The Special Prosecutor nominee, Mr. Kissi Agyebeng, has indicated that he cannot stop corruption in Ghana but will instead make the practice unattractive for individuals with an appetite for corruption.

“My strategy is that Honourable Chair, I’m not naïve to assume that I’m coming to stop corruption. There is no way I can stop corruption. God himself will not even acclaim to that. But I’m going to make corruption very costly; very, very costly to engage in, in terms of conflict of interest,” he said.

Speaking during his vetting in Parliament on Thursday, July 22, 2021, Mr. Agyebeng stated that he would put in place the right systems that will help check corruption.

Answering a question from the Tamale South Member of Parliament, Haruna Iddrisu, who sought to find out the strategies that will be used to deal particularly with conflict of interest, Mr. Agyebeng said corruption is something that God himself cannot claim to stop.

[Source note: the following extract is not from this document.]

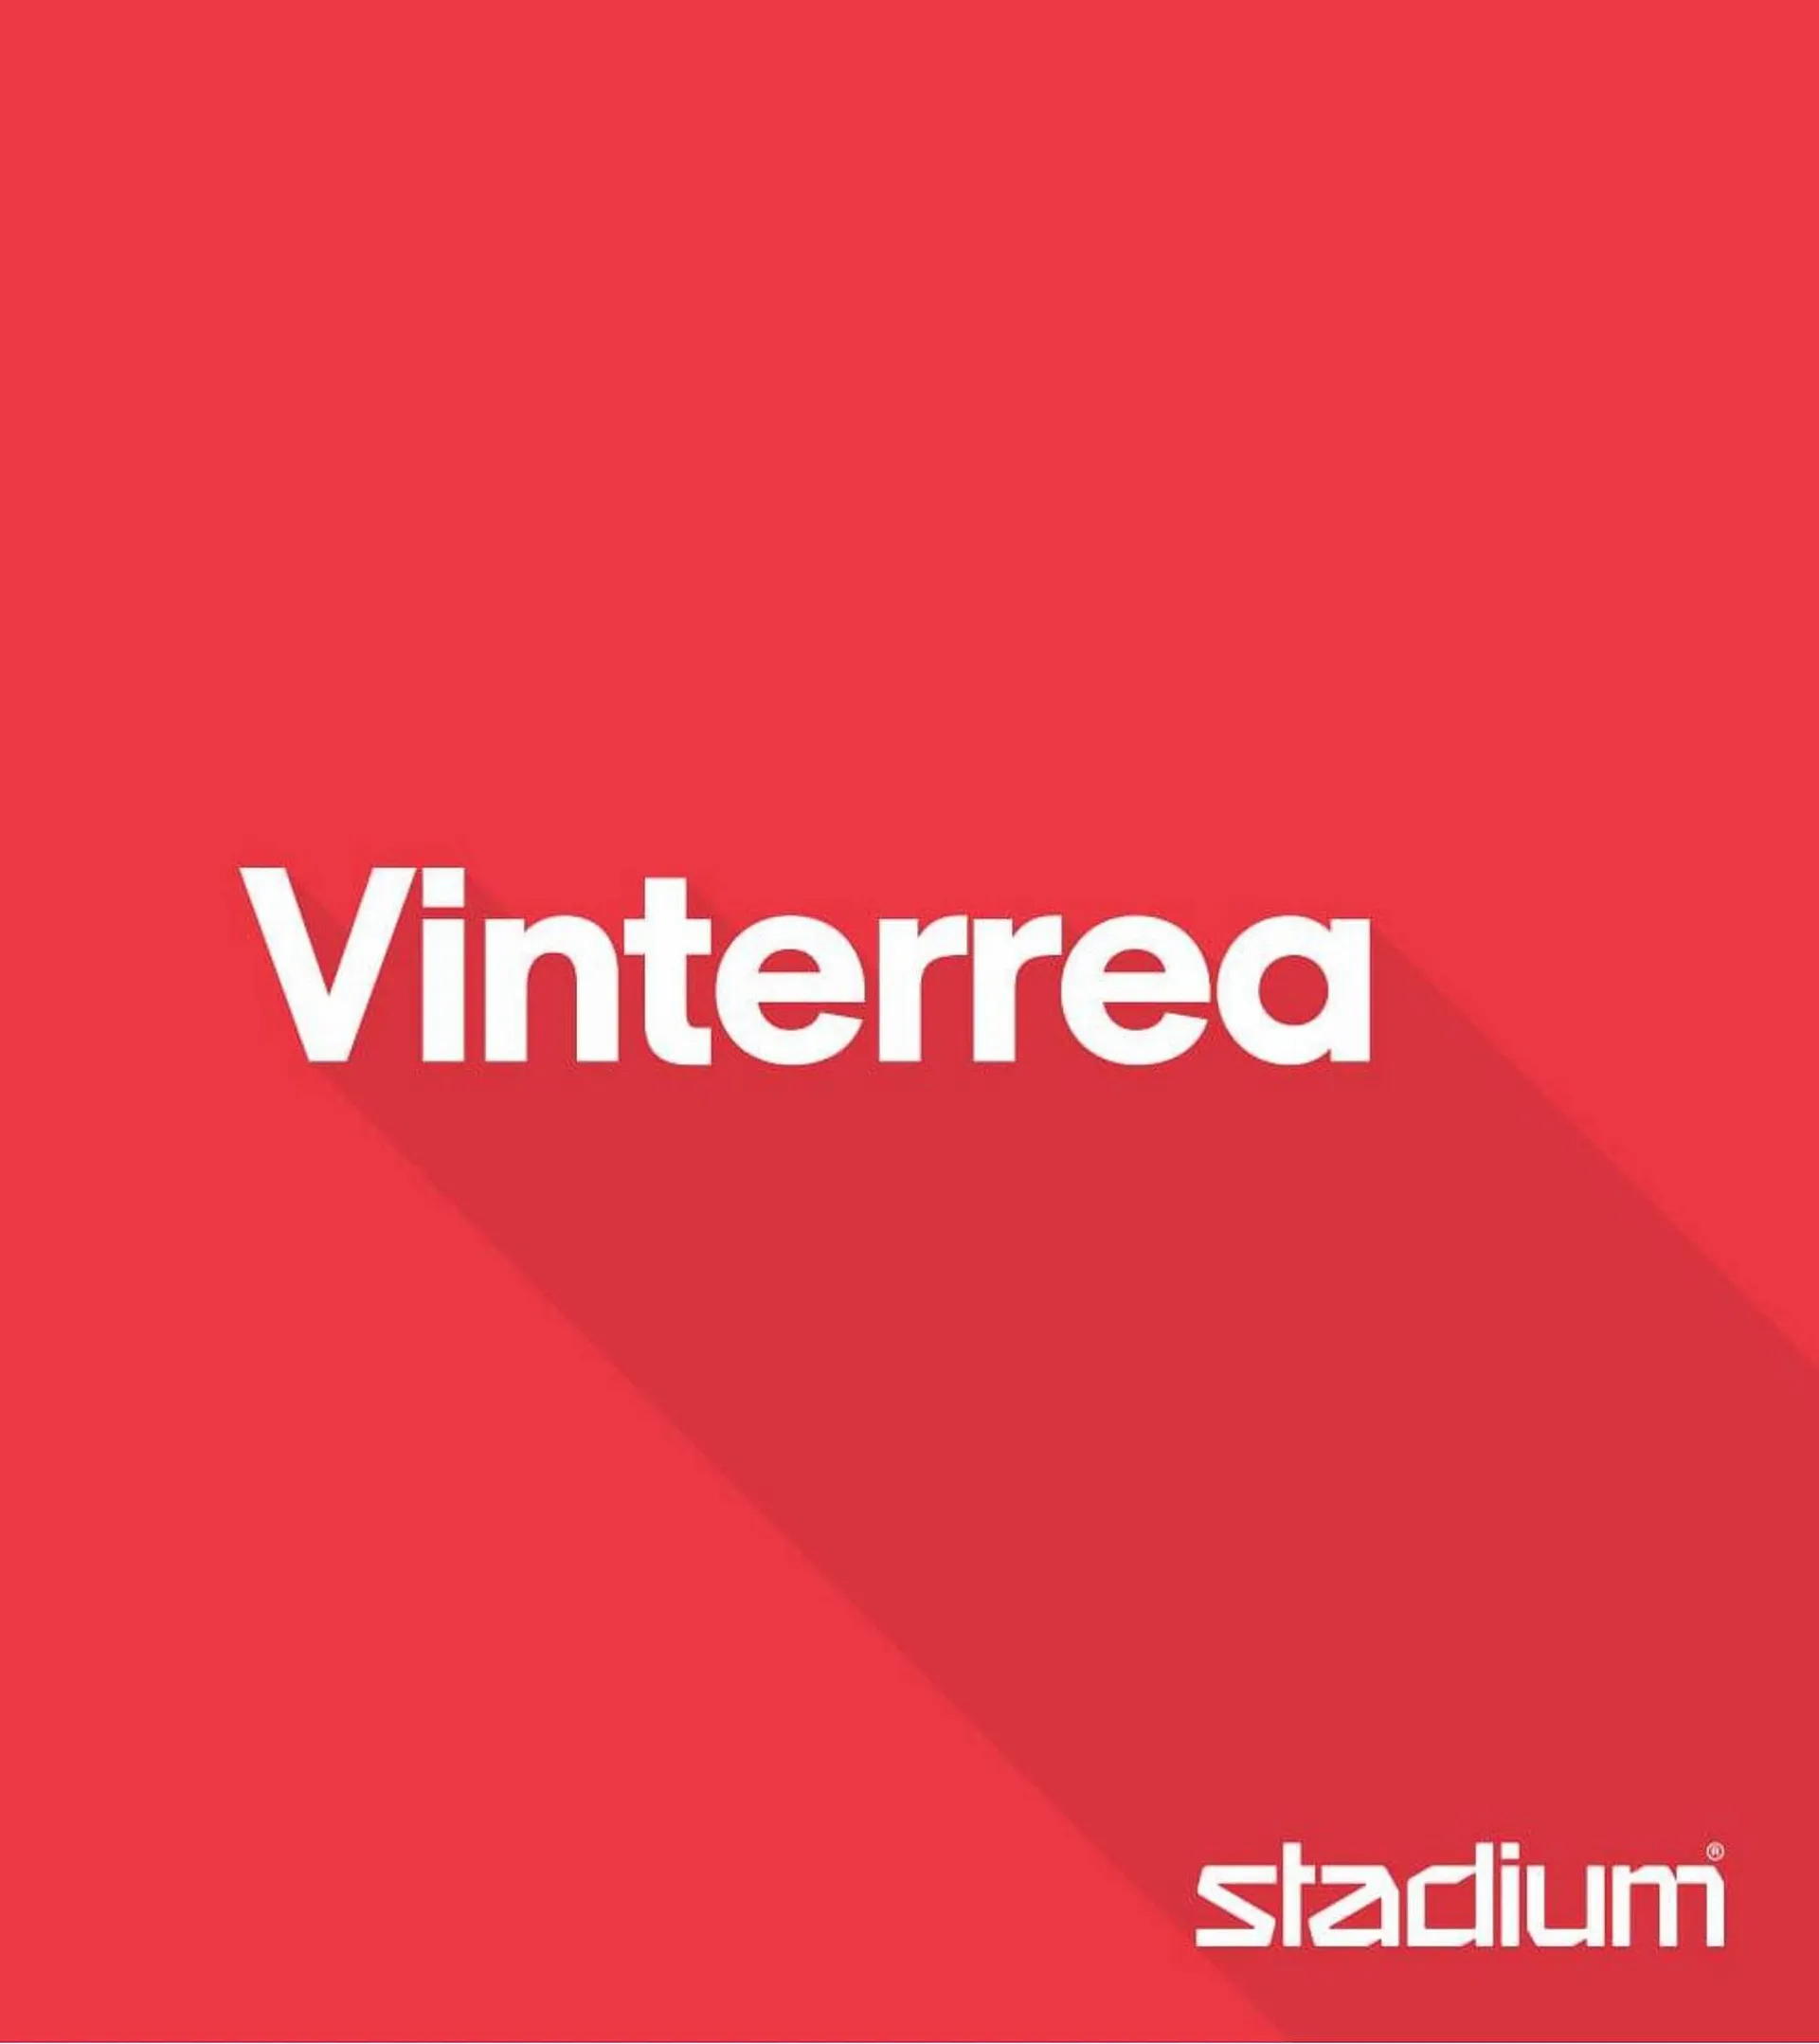 Stadium reklamblad - 1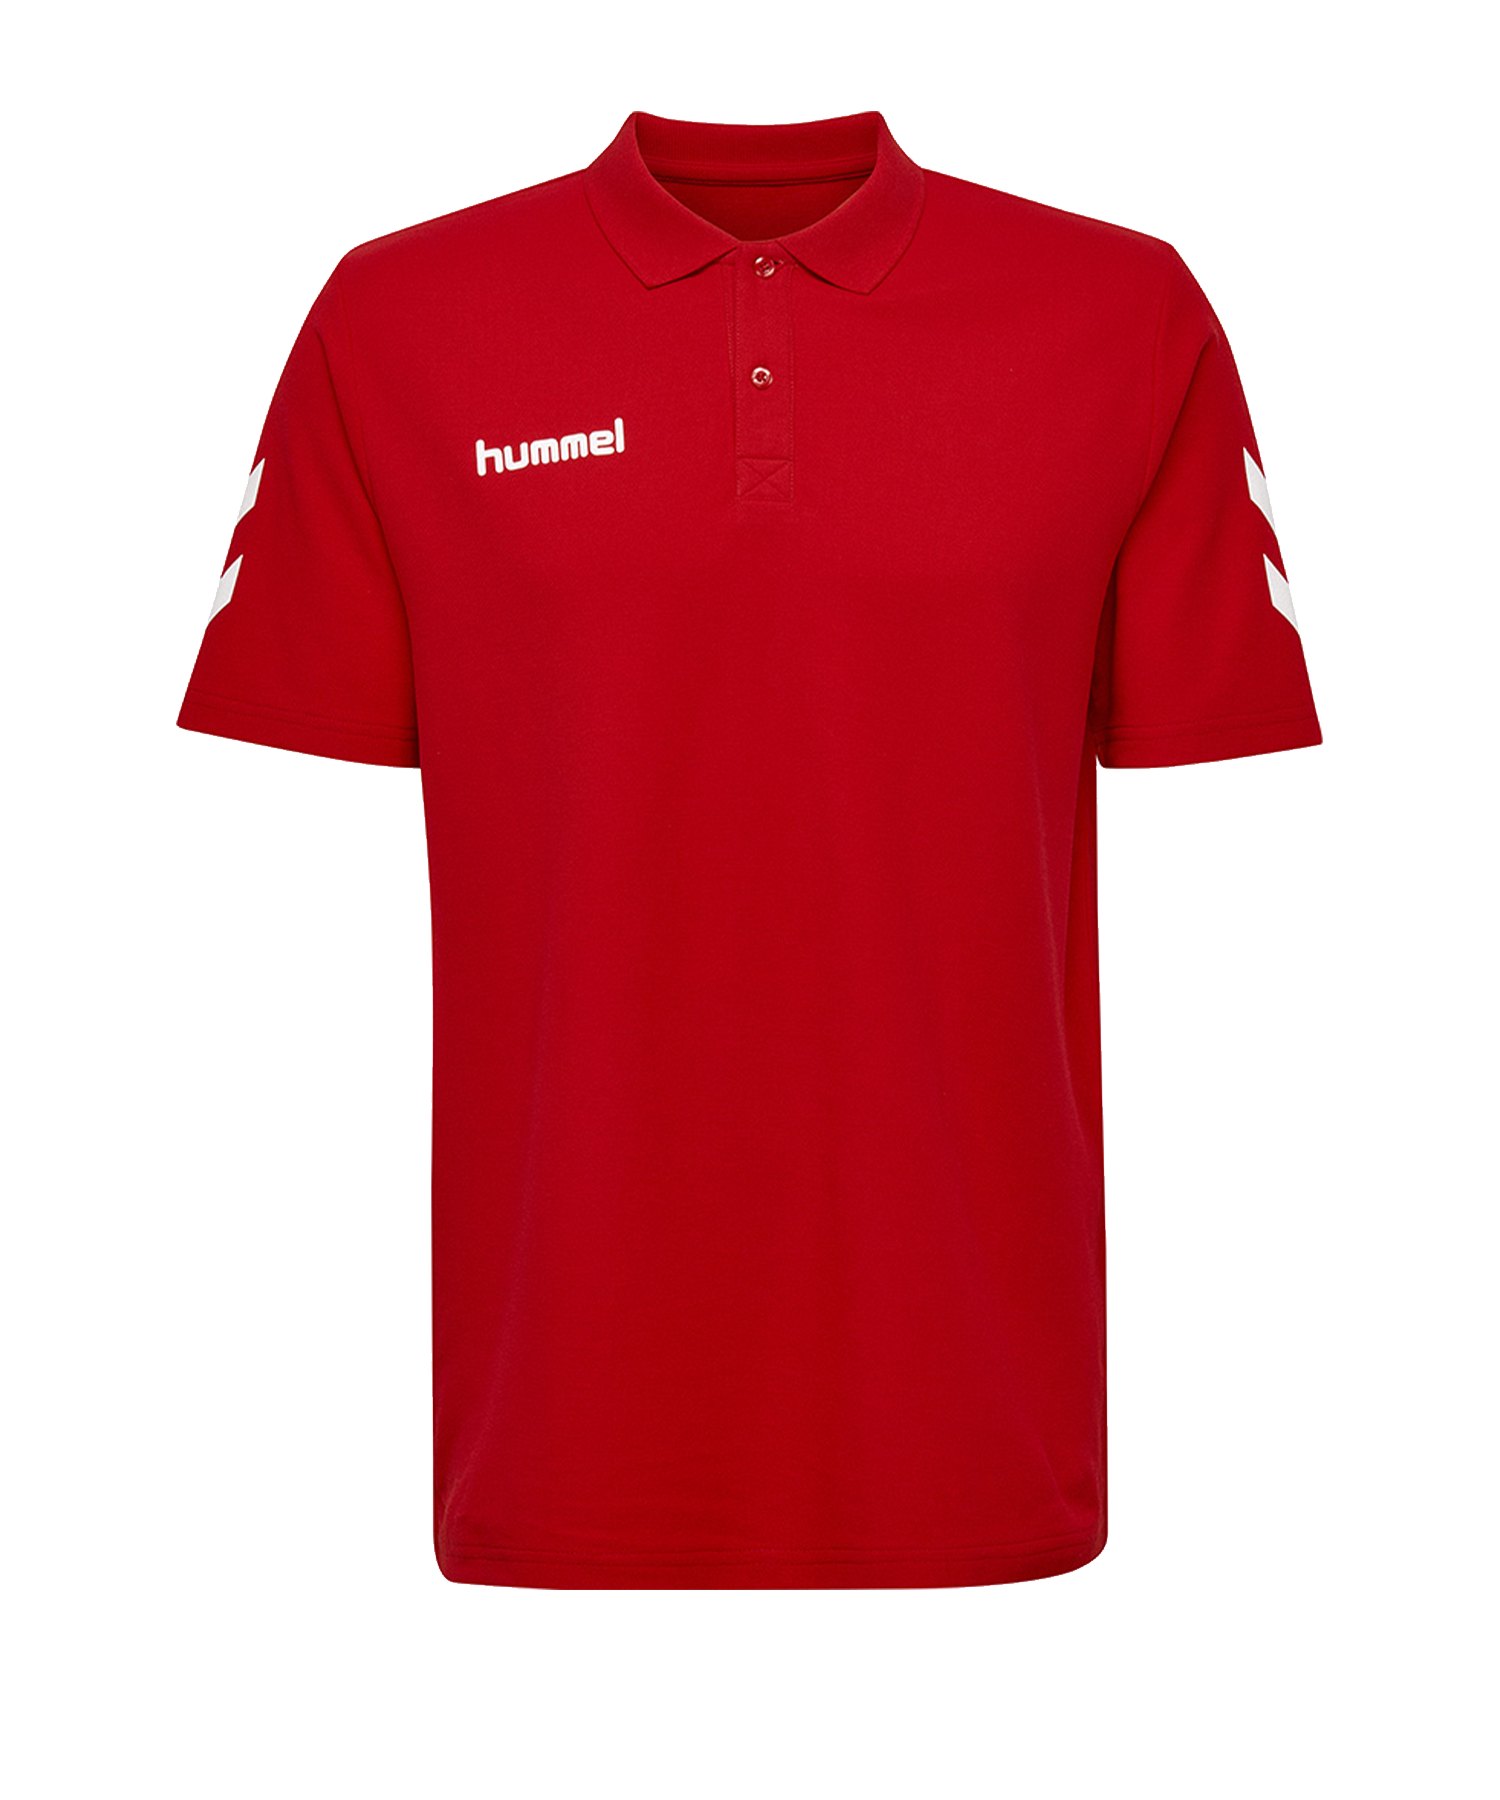 Hummel Cotton Poloshirt Rot F3062 - Rot

However, for him, the best antidote to deal with the practice was to make it a risky venture for people who engage in the act.

“I am not naive to assume that I am coming to stop corruption. There’s no way I can stop corruption. God himself will not acclaim to that but, I am going to make corruption very costly to engage in.”

“First, I am going to institute what I call ‘Pressure for Progress’ and in this quest, there will be a systemic review of all public sector institutions and the development of integrity plans.”

According to the Special Prosecutor nominee, when given the nod, he will institute a new policy called “Pressure for Progress”, under which “there will be a systemic review of all public agencies; public sector institutions and the development of integrity plan.”

Mr. Agyebeng explained that with the Pressure for Progress policy, the SP office should be able to establish its own corruption perception index whereby state agencies can be ranked based on certain corruption indicators.

“First, I am going to institute what I call ‘Pressure for Progress’ and in this quest, there will be a systemic review of all public sector institutions and the development of integrity plans.”

He said: “Why can’t we have our own corruption perception index, for instance? why can’t I rank public sector agencies against each other? And at the end of the year, publicize the results as to which institution is performing well and which institution is not performing well. In that point, if ahead of an institution… and persistently your institution is drawing the short straw in terms of perception of corruption from the point of view of experts, from the point of view of the business people, you will sit up”.